Sunday, May 2, 2010

FLASHBACK: Putting Pizazz Into Soaps 1989

Lathering up Producers put pizazz into soaps to keep loyalty of old audience

By Alan Carter
New York Daily News
May 18, 1989

As late as 1969, you wouldn't dare say the word "pregnant" on daytime television. Today, you can practically witness conception-or a fairly convincing facsimile.

What's going on here? Nothing more complicated than savvy salesmanship.

As the daytime audience has dwindled over the last decade, mostly because of a burgeoning female work force, programmers have snazzed up and jazzed up their daytime dramas in an effort to hold onto the old audience.

This approach works. There is evidence that, if the material is sufficiently compelling, even those who go out to work will set their VCRs so they can watch their favorite soaps at night.

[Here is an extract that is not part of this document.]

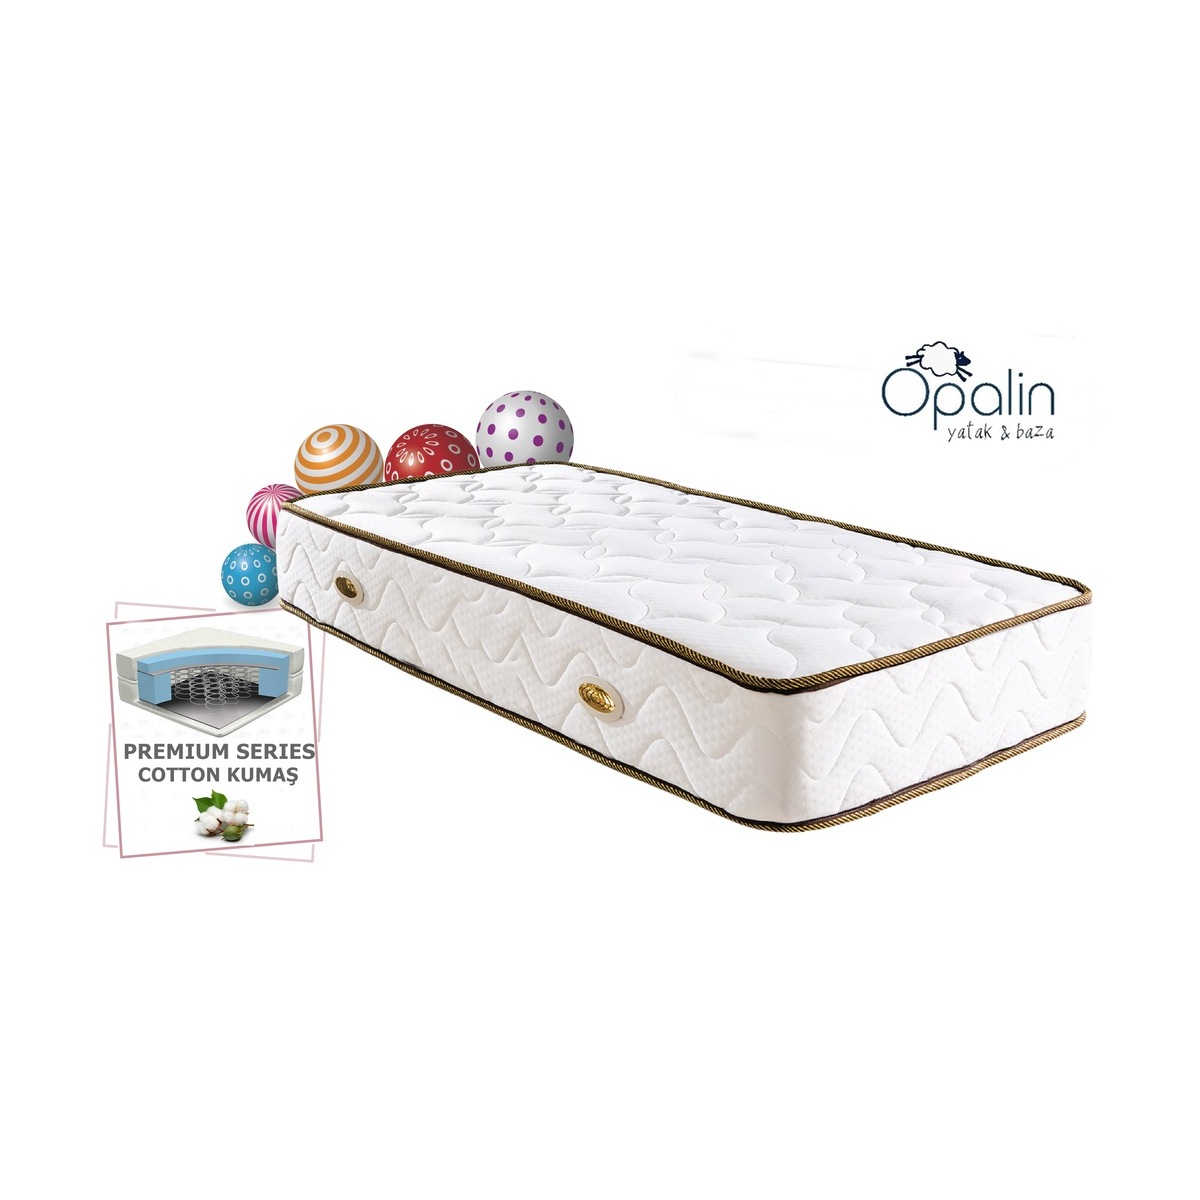 Onlıne-Yatak 60X160 Opalin Cotton Ortopedik Yaylı Yatak 60X160 Yaylı Yatak

At the same time, daytime dramas have attracted a new, hipper, younger audience. Organ music and gossiping over coffee are out; sex, rock music, topical issues are in. Especially this month, which is a "sweeps" month-an important ratings period that is used to determine advertising rates. We can expect even more sex, more adventure, foreign intrigue, more weddings, and more sex. And occasionally they'll throw in a few lines of dialogue.

Cheap talk? No way. It's daytime TV, after all, where the major networks make their major profits. With lower overhead and cheaper production costs than prime time, daytime programing is an industry worth billions of dollars a year.

Okay, advertising revenue has been down slightly as a result of the audience slippage, which means the network profit margin is lower. But the dip hasn't stopped NBC (third in the afternoon ratings race, behind CBS and ABC) from launching a new drama: GENERATIONS. If successful, this half-hour soap could mean more than a $50 million profit for the Peacock Network.

Granted, many of those bucks will result from GENERATIONS following the lead of other soaps by titillating viewers with characters who are apt to appear in compromising positions.

It wasn't always so. Veteran daytime actor Don Hastings (for the last 30 years Dr. Bob Hughes on CBS' AS THE WORLD TURNS) remembers when even actors portraying married couples couldn't be shown in the same bed.

Brian Frons, NBC's vice president for daytime, does concede a small audience erosion. He attributes it to the "independent stations who throw popular movies against us, and to HBO, which is on 24 hours a day. The networks, especially in the afternoon, are basically being nibbled to death by other programing sources."

But JoAnn Emmerich, ABC's senior vice president for daytime programing, says the Nielsens "are not measuring where many people watch soaps. Like in colleges, in hospitals and the many people who watch in offices during their lunch hour. They are not measuring the Mets' locker room-or the Phillies' or the Cardinals' or the New Jersey Devils' or the Cincinnati Bengals.' Lots of people watch the soaps who are never surveyed-lots of rich young men and lots of working women. I would tell the advertising community to take another look."

Ironically, the supposedly dwindling audience has forged changes in the daytime medium. "Stories we used to tell in six months are now told in six weeks," Don Hastings says. "We're a story smorgasbord."

And programmers are now willing to put more meat on the table. Today's daytime dramas have more adult, intelligent fare (the occasional escapist sci-fi clinker notwithstanding). And once-taboo story lines-homosexuality (on AS THE WORLD TURNS), interracial marriage (on GENERAL HOSPITAL, ALL MY CHILDREN and a number of others), as well as an overall increased minority presence (on the new GENERATIONS, which has introduced to daytime audiences a rare black nuclear family)-turn up with more frequency.

The reasons, as Frons says, are simple: "It's a competitive time. And no one is going to lie down and concede a single viewer."

Despite the possibly dwindling audience, industry insiders regard the genre's future as bright. MTV has said it intends to create a daily soap, and each network has others in pre-production. NBC is even toying with the idea of an afternoon all-comedy/soap amalgam.

Helen Wagner, for 33 years the matriarch of AS THE WORLD TURNS in the role of Nancy, worked in daytime when the shows were black and white, live and 15 minutes long. She toiled in the medium when the prestige level was low, and has seen all the changes.

Wagner likens the soaps' enduring popularity to the human penchant for a good story: "The tribe will always gather around the fire at night to hear the storyteller weave a tale," she says. "Everyone has a story to tell, and everyone wants to hear our stories."